Thursday, March 31, 2016

Fun with the Bird Feeders Today


This is not my photo, but I bought this bird feeder at Lowe's for about $10, and it is great. I hang it from where the hanging platform once dangled.

Our athletic squirrels were banging the platform off the window.

The final bird-feeding configuration was:

  1. Hanging the Lowe's feeder, easy to fill with sunflower seeds.
  2. Buying a tall pole for the platform and planting it close to the window for viewing and away from the rain.
  3. Filling the squirrel-proof (HA!) feeder with finch food, which the little birds love and the squirrel ignores. The squirrels shop at the Lowe's and the platform feeder.
  4. Hanging seven pounds of suet from large baskets from the squirrel-proof feeder.
  5. Storing one bird-bath under the eaves so it can be filled with rainwater, dumped onto the Butterfly Bush, and refilled with tap-water when necessary.
  6. Keeping the Jackson EZ Bird Swing, which is now above the platform feeder. It is their favorite place to rest when waiting for food.
  7. Using rescue tree stumps as supplemental feeders in the Bird Paradise section. There I have another bird bath and some bird-friendly plants, such as blueberries.
Birds know who feed them, and they sing, chortle, and chatter when Sassy and I walk. The robin is so fixed in the rose garden, with thousands of worms to eat, that he often just ducks behind a bush and peeks out as we go by.

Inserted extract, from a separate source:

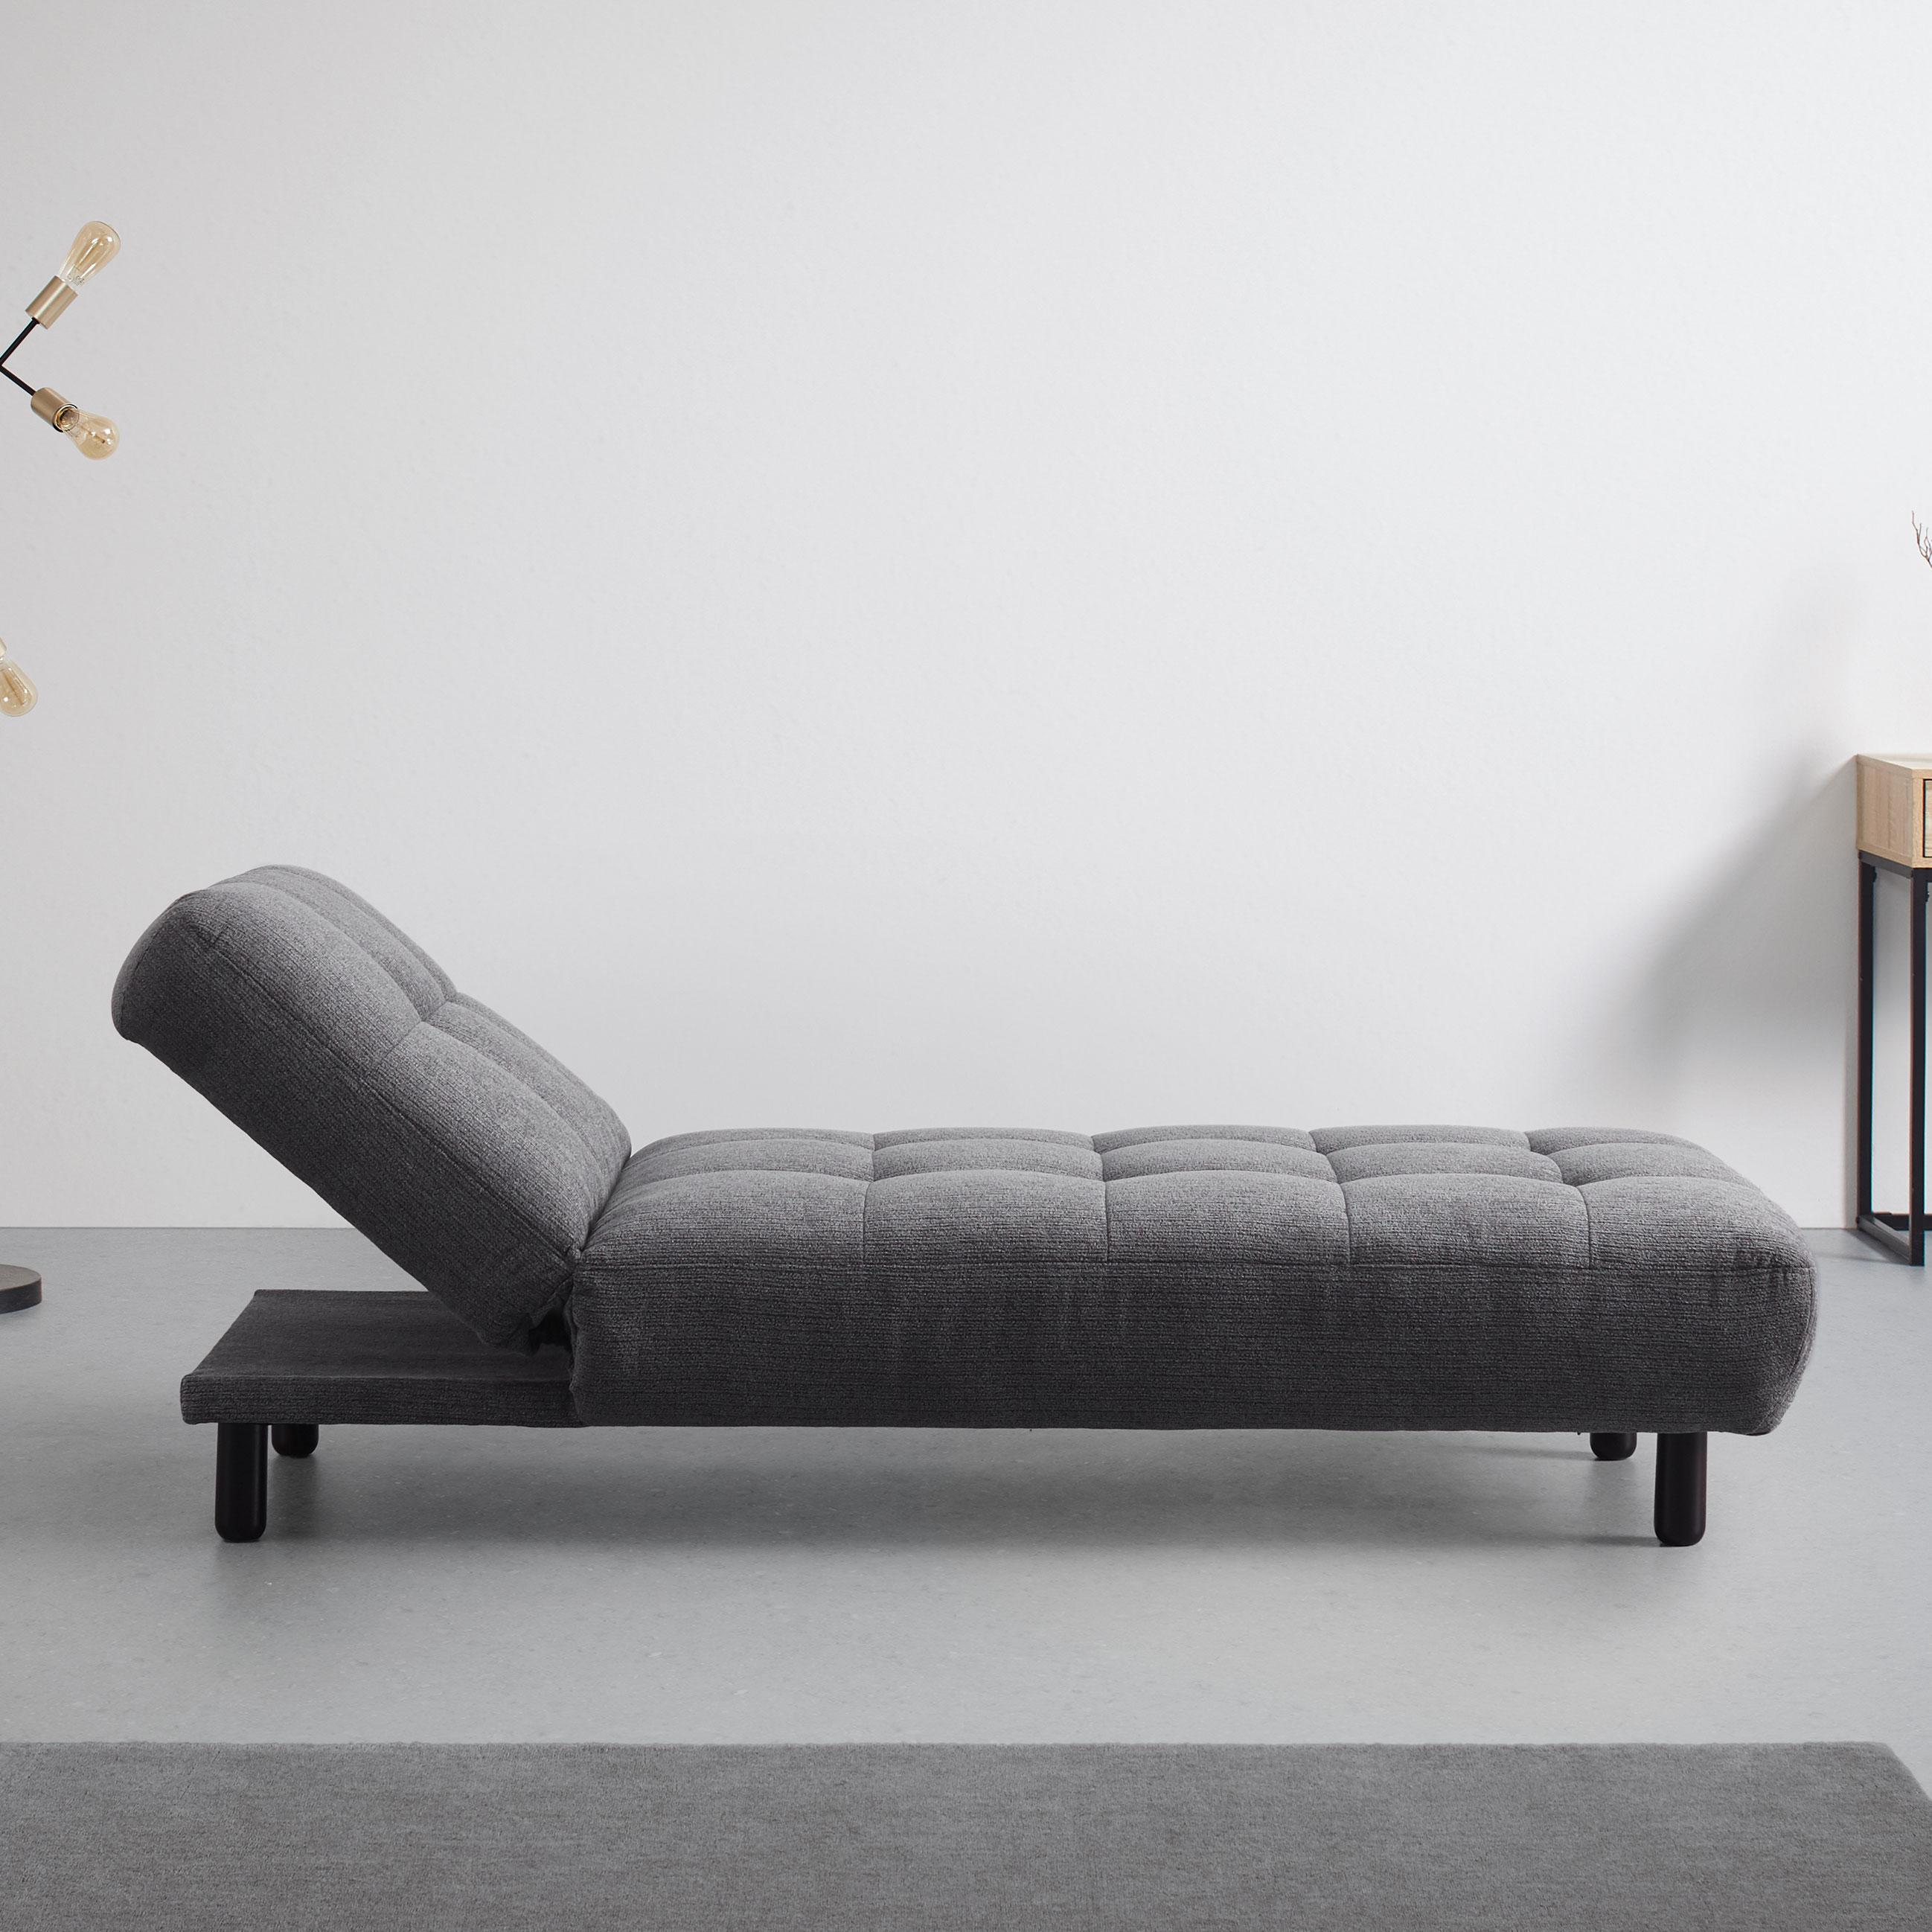 Relaxliege in grau "Camilla", Webstoff - Grau, MODERN, Holz/Textil (82/90/183cm) - Bessagi Home

I was inches away from our squirrel in Bella Vista when I took this photo. He mocked and humiliated me with his raiding of the squirrel-proof feeder. I eventually stopped filling it, but I brought it with me to Springdale, 25 miles south, where the squirrels want nothing to do with the finch food I put in it.

Norma Boeckler reported that switching to finch food also keep the squirrels at bay. They will eat anything but finch food is way down on their list.